Suicide Risk Factors in US Soldiers Identified

Liam Davenport

July 13, 2015

Enlisted soldiers in the US Army have a far higher risk for suicide than officers, researchers have discovered in findings that point to potential risk-factor-based suicide prevention strategies.

Robert J. Ursano, MD, Center for the Study of Traumatic Stress, Department of Psychiatry, Uniformed Services University of the Health Sciences, Bethesda, Maryland, and colleagues found that the factors associated with suicide differed between enlisted soldiers and officers, although female sex, age when entering service, and a recent mental health diagnosis were important predictors in both populations.

"Enlisted soldiers in their first tour of duty account for most medically documented suicide attempts. Risk is particularly high among soldiers with a recent mental health diagnosis," the investigators note.

"A concentration of risk strategy that incorporates factors such as sex, rank, age, length of service, deployment status, and mental health diagnosis into targeted prevention programs may have the greatest effect on population health within the US Army," they add.

The study was published online July 8 in JAMA Psychiatry.

The researchers examined data from the Army Study to Assess Risk and Resilience in Servicemembers (STARRS) on 9791 suicide attempts between January 1, 2004, and December 31, 2009, among active-duty regular Army soldiers.

They used individual-level person-month records from Army and Department of Defense administrative records to determine sociodemographic, service-related, and mental health predictors of medically documented suicide attempts in comparison with an equal-probability sample of 183,826 control person–months.

The results showed that 98.6% of all suicide attempts were among enlisted soldiers, at an overall rate of 377.0 per 100,000 person-years, although they accounted for only 83.5% of active-duty soldiers.

Commissioned officers and warrant officers formed 16.5% of the regular army but accounted for only 1.4% of suicide attempts, at an overall rate of 27.9 per 100,000 person-years.

On multivariate analysis, predictors of suicide attempts among enlisted soldiers were as follows:

  • female sex (odds ratio [OR], 2.4);

  • entering service at age 25 years or younger (OR, 1.6);

  • current age 29 years or younger (OR 5.6 for age <21 years, 2.9 for age 21 - 24 years, and 1.6 for age 25 - 29 years);

  • white race (OR, 0.7 for soldiers of black, Hispanic, or Asian ethnicity vs white combatants);

  • having less than a high school education (OR, 2.0);

  • being in the first 4 years of service (OR, 2.4 for 1 - 2 years, and 1.5 for 3 - 4 years);

  • having never or previously been deployed (OR, 2.8 and 2.6, respectively); and

  • being diagnosed with a mental health condition during the previous month (OR, 18.2).

Predictors of suicide among officers were female sex (OR, 2.8), entering service at age 25 years or older (OR, 2.0), being currently aged 40 years or older (OR, 0.5), and being diagnosed with a mental health condiotion during the previous month (OR, 90.2).

Further analysis indicated that, on discrete-time hazard models, the risk for suicide among enlisted soldiers was highest in the second month of service (102.7 per 100 000 person-months) and declined with increasing length of service, to a mean of 56.0 per 100,000 person-years during the second year of service and 29.4 per 100,000 person-months after 4 years of service.

The risk for suicide among officers remained stable over time, at an overall mean of 6.1 per 100,000 person-months.

"The findings suggest that enlisted soldiers and officers require unique considerations in research and prevention," the researchers write.

"Beyond potentially important differences in sociodemographic characteristics (eg, higher educational levels among officers), training, and occupational responsibilities, these groups also have distinct risk distributions," they add.
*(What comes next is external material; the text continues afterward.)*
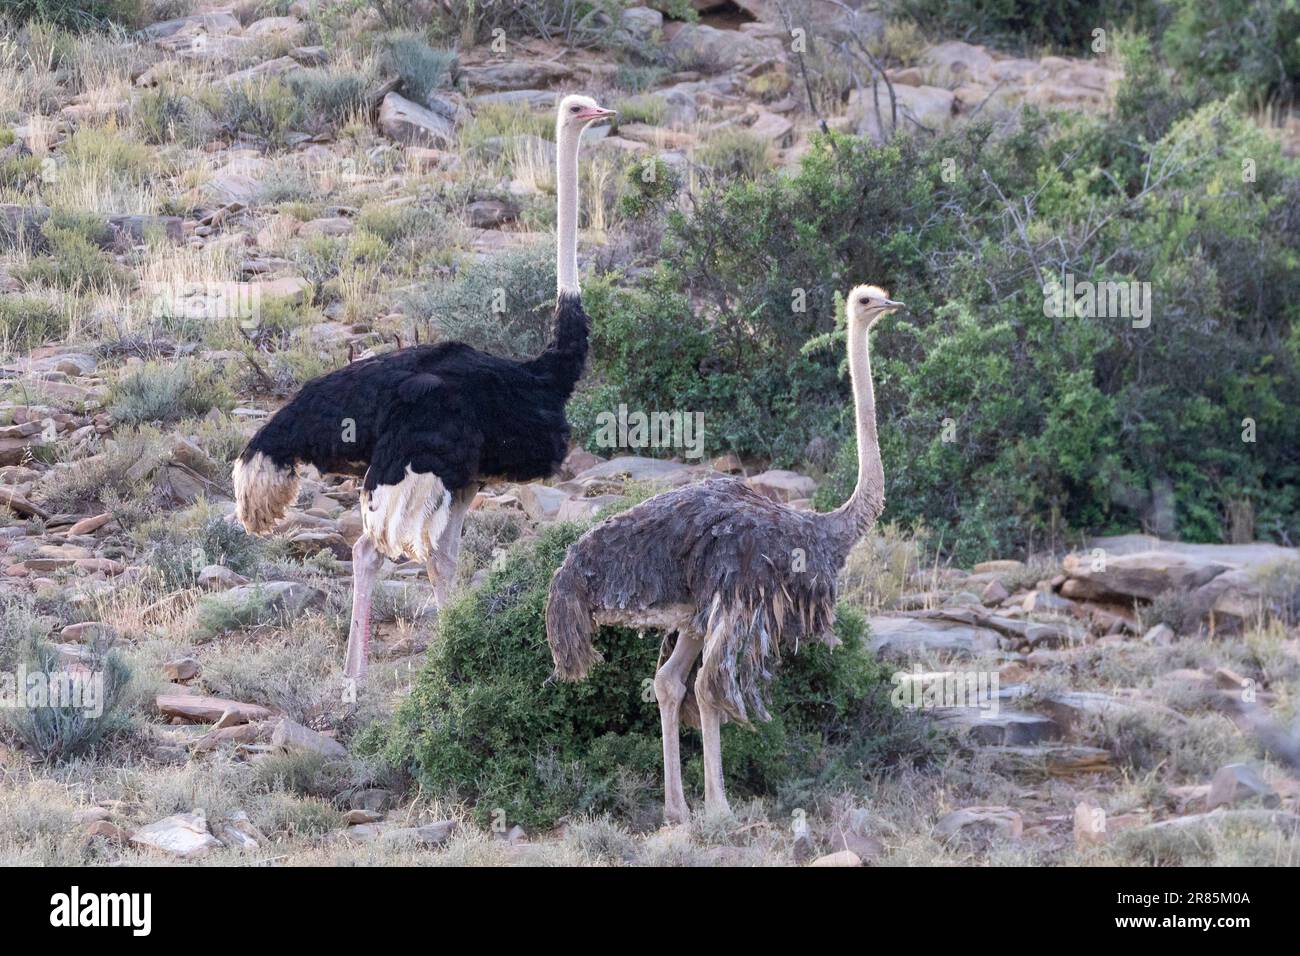 Pair of Common Ostriches (Struthio camelus) at dawn in mountainous  Karoo habitat, South Africa Stock Photo

Discussing the application of their findings, the researchers say: "For clinicians assessing individual risk, distinguishing between who they are likely to see in practice vs who is at highest risk in the population is important."

"Similarly, program planners seeking to have the greatest effect on population health must consider where risk is concentrated within the population when developing interventions."

Army STARRS was sponsored by the US Department of the Army and funded by cooperative agreement U01MH087981 with the US Department of Health and Human Services, National Institutes of Health, National Institute of Mental Health. Dr Kessler has been a consultant during the past 3 years for J & J Wellness & Prevention, Inc, Lake Nona Institute, Ortho-McNeil Janssen Scientific Affairs, Sanofi, Shire US Inc, and Transcept Pharmaceuticals Inc; has received research support for his epidemiologic studies during this period from EPI-Q, Sanofi, and Walgreens Co; and owns a 25% share in DataStat, Inc. Dr Stein has been a consultant for Healthcare Management Technologies, Janssen Pharmaceuticals, Pfizer, and Tonix Pharmaceuticals. The other authors have disclosed no relevant financial relationships.